▶

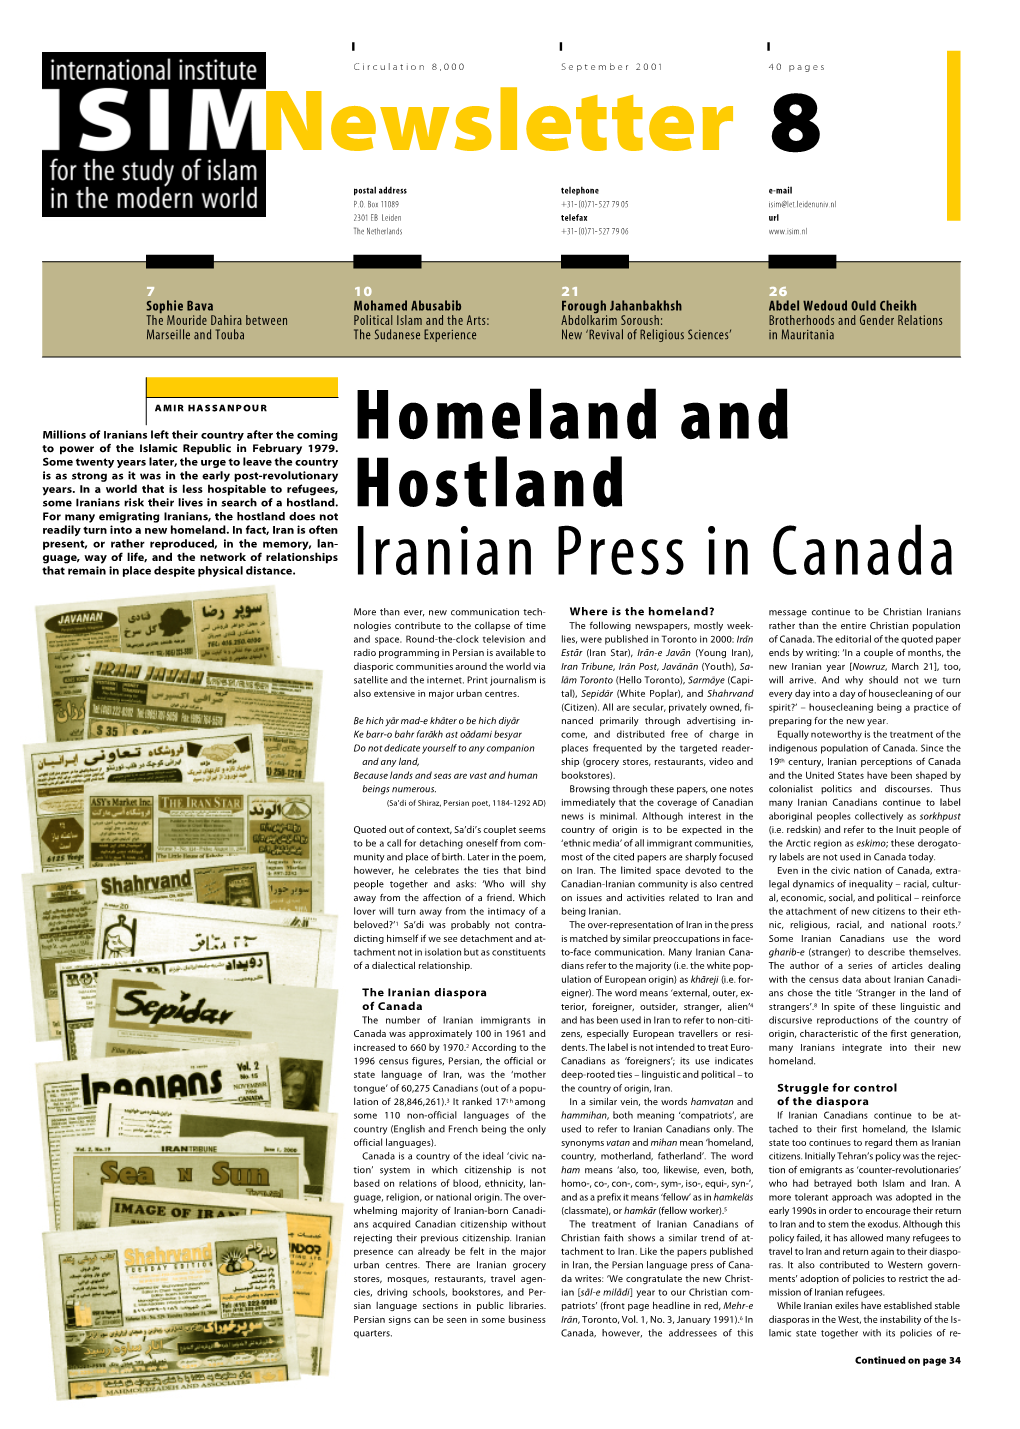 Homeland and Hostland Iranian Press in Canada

◀
▶

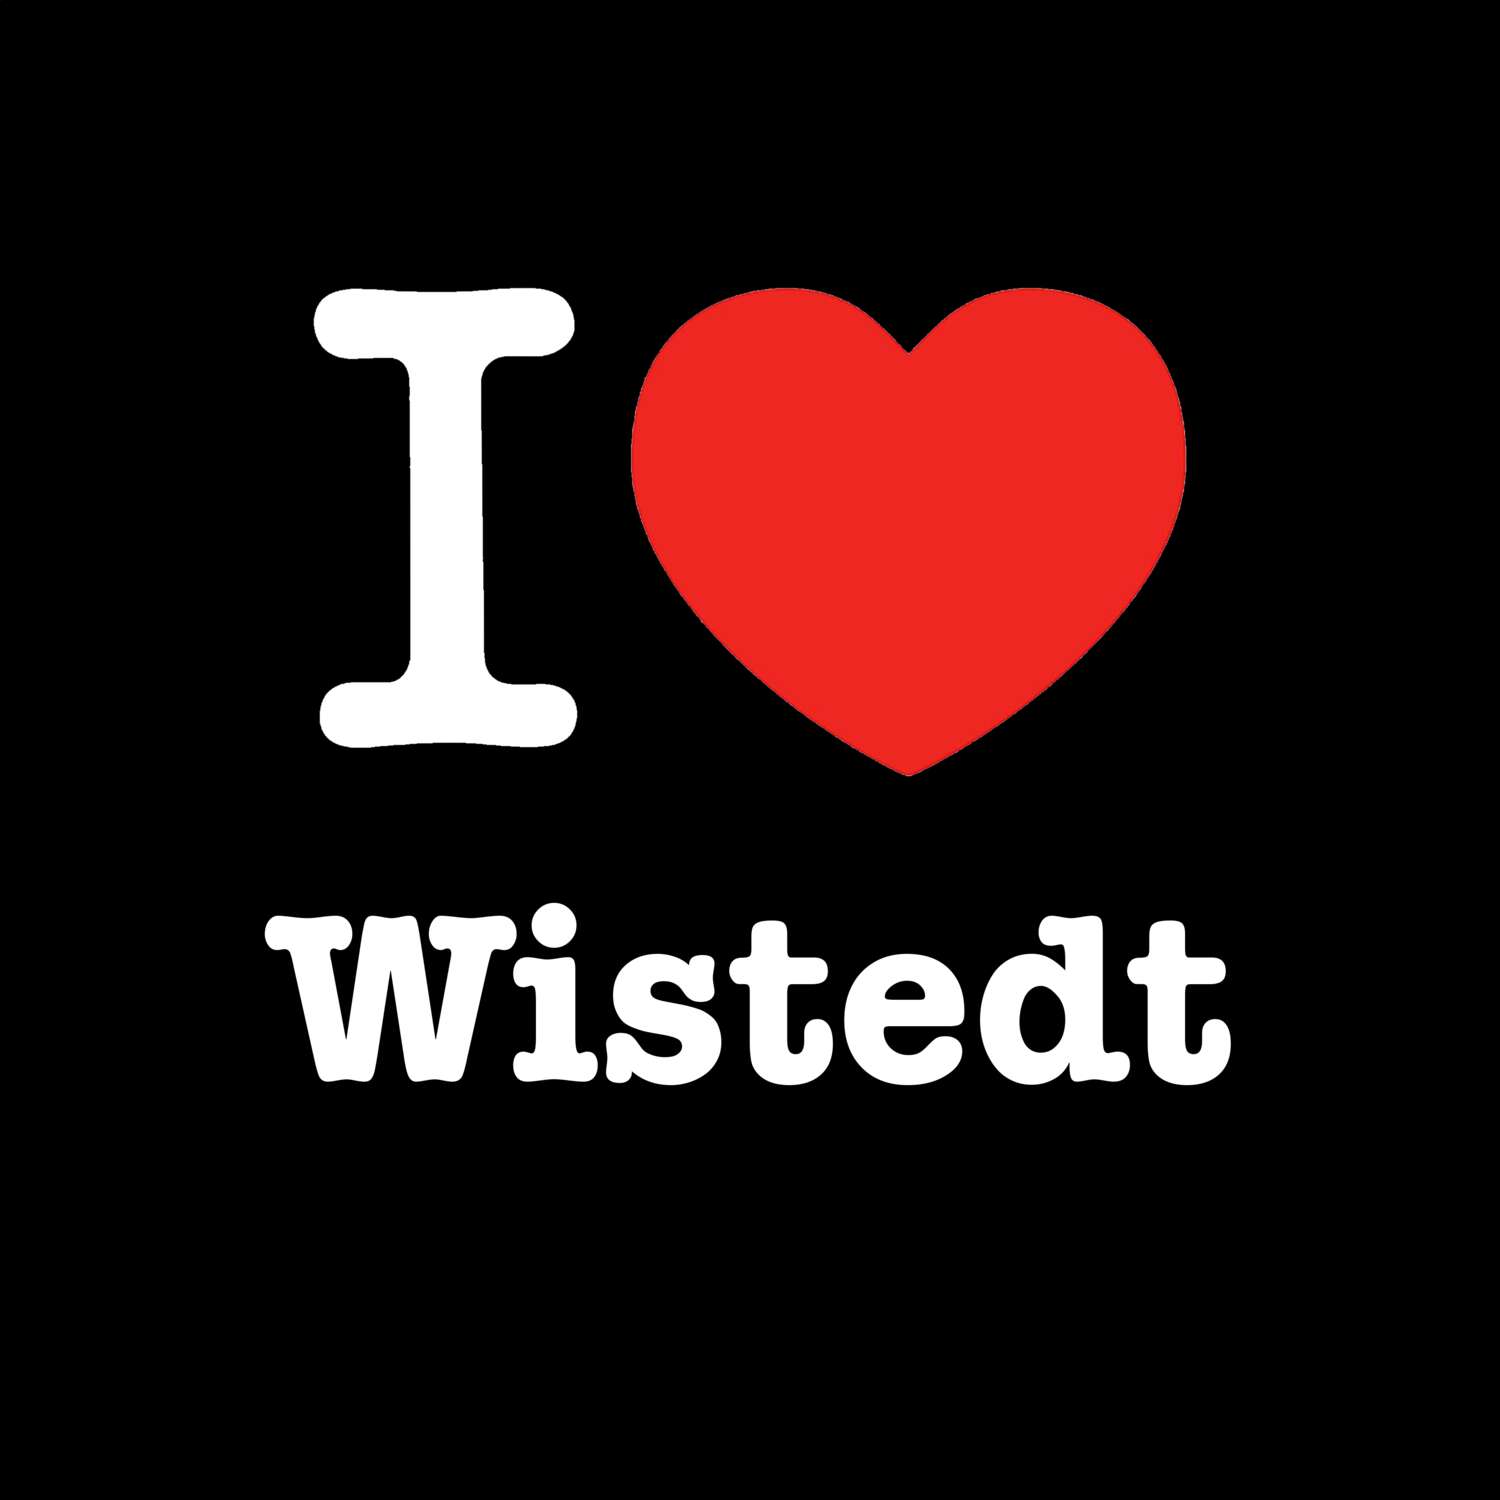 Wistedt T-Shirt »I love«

◀
▶

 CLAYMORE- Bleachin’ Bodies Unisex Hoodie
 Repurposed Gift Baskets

◀

* Exercise description: The range runs from the line above containing "CLAYMORE- Bleachin’ Bodies Unisex Hoodie" to the line containing "Repurposed Gift Baskets", inclusive. Restate those lines word for word and no others.

* Solution:
 CLAYMORE- Bleachin’ Bodies Unisex Hoodie
 Repurposed Gift Baskets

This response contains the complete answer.